The degree of difference Keane offers lies in the eye of the beholder, of course; the band's current junk-rocking tourmates from Liverpool, the Zutons, are a far more eccentric bunch in rhyme and reason. But the no-guitar tag certainly won't hurt Keane in its bid to transfer its considerable success at home -- where Q magazine recently anointed the three-piece 2004's Band of the Year -- to the States, where our ears aren't as accustomed to sussing the fine gradations between Embrace and Cast. Chaplin admits that making it in America is a priority for him and his bandmates.
"Along with a lot of other things, we've dreamed about it for a long, long time," he says. "Coming to America and achieving something here is a real ambition for us. And we feel like we have something to offer American people with our music. I think at the moment that seems to be paying off. It seems like people are sort of getting into what we do, and that's quite cool for us."
Is what they have to offer specific to their being from Britain? "We're a very sort of honest English band," Chaplin replies. "We are who we are, and I guess if you're American, then that's something you don't come across every day. We're obviously very influenced by what we've grown up listening to in Britain: Radiohead, U2, and bands like that, who are all kind of quintessentially British or Irish. And there's a great kind of culture of music in Britain and a great tradition of songwriting -- that's something that we're very proud to be a part of."
More than his national heritage, though, Chaplin seems to place a premium on the guilelessness of Keane's music, of the modest, plain-folks truth in a line such as "Many's the time I ran with you down the rainy roads of our old town," from Hopes and Fears' contemplative closer, "Bedshaped." He seems savvy enough to grasp that the power of music is that it gives flight to a sentiment as banal as that, but he also insists on adhering to the chimera of pop-star authenticity.

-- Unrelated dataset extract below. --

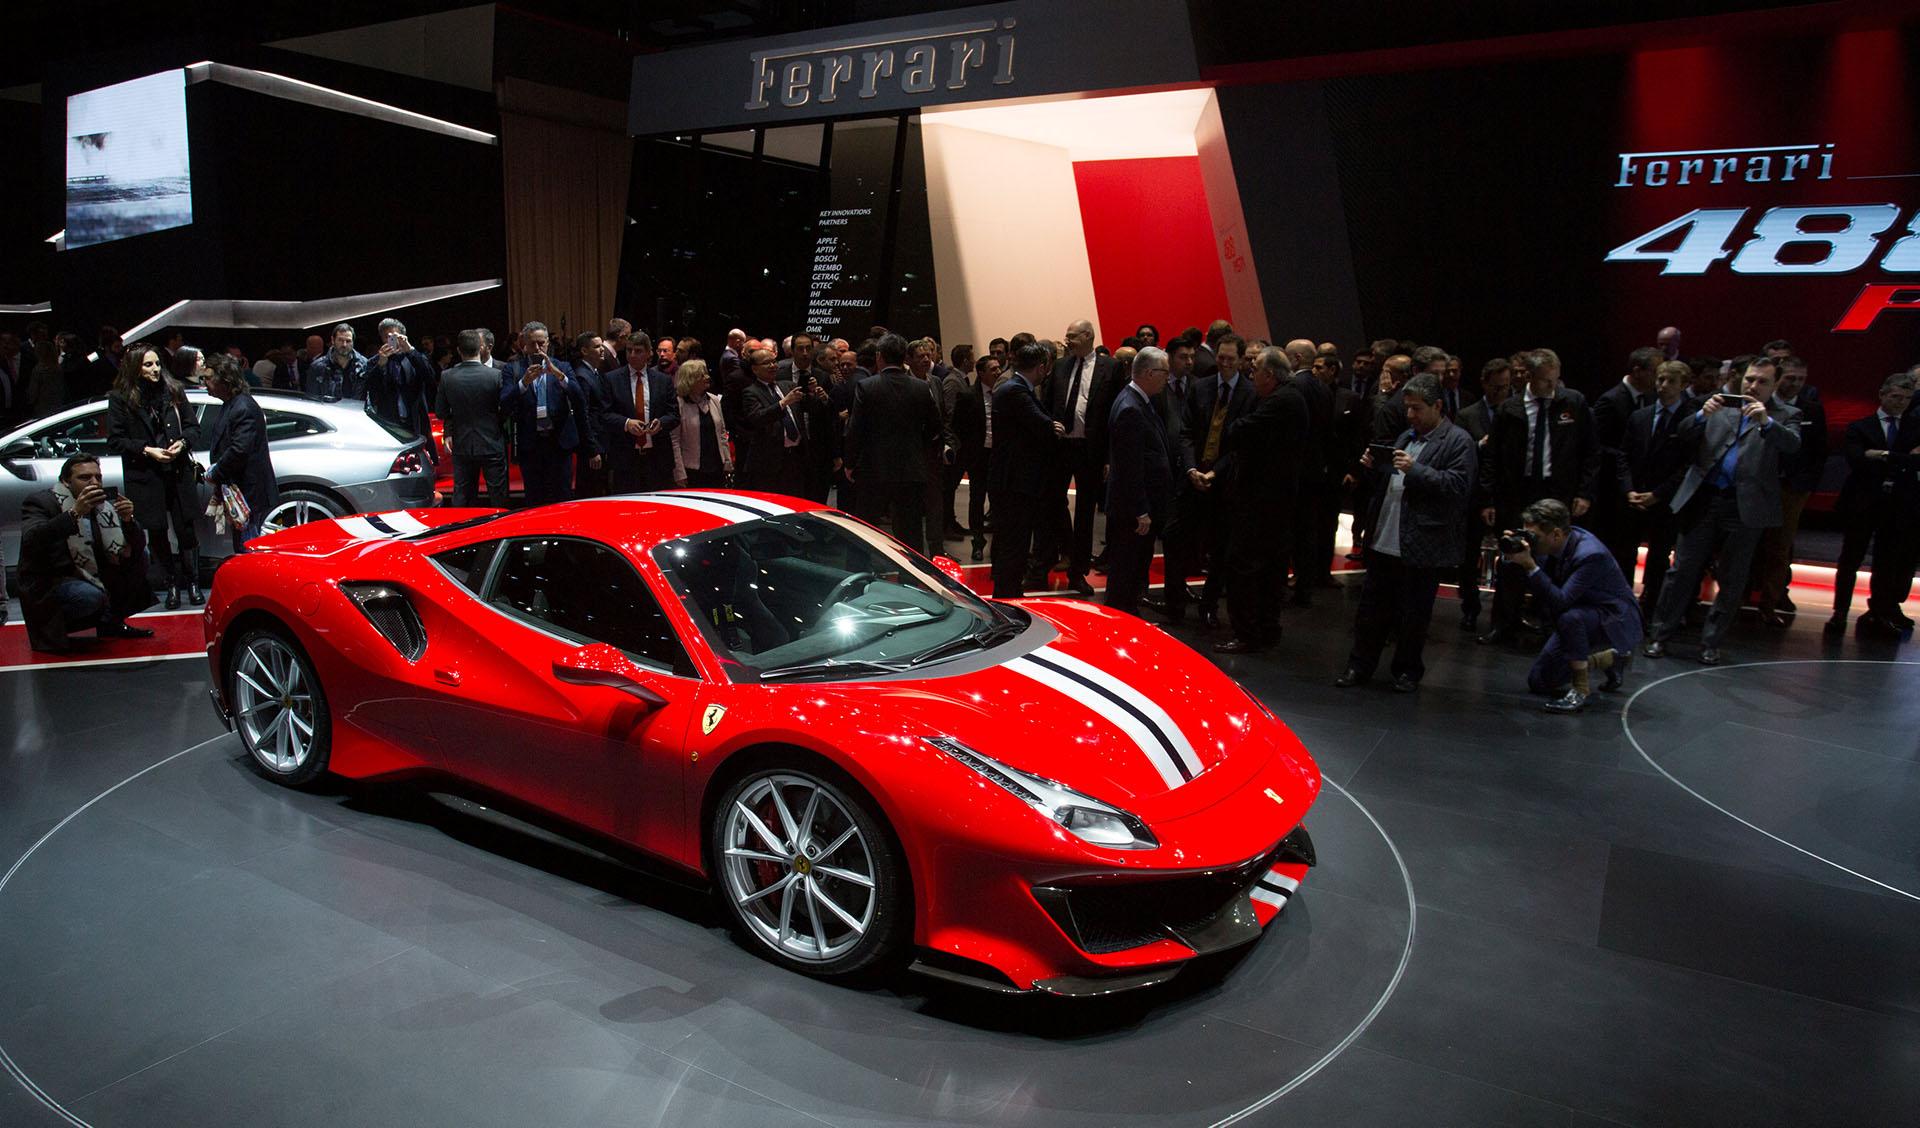 """El Ferrari 488 Pista es una de las principales atracciones del Salón de Ginebra. La escudería italiano lo definió como un """"concentrado de emociones y prestaciones"""". El modelo es la versión más radical y visceral del 488 GTB y el rey en la dinastía de los motores V8"""

"To be honest, wherever you go in the world, if you write honest, heartfelt music, then I think people will connect with it," he says. "I think our music translates to any type of person, because I think we're very honest and heartfelt and emotional with what we do, and I think people respond to that. We're not pretending to be anything we're not, you know? That's the best kind of music -- where people bare their souls and say what they really feel."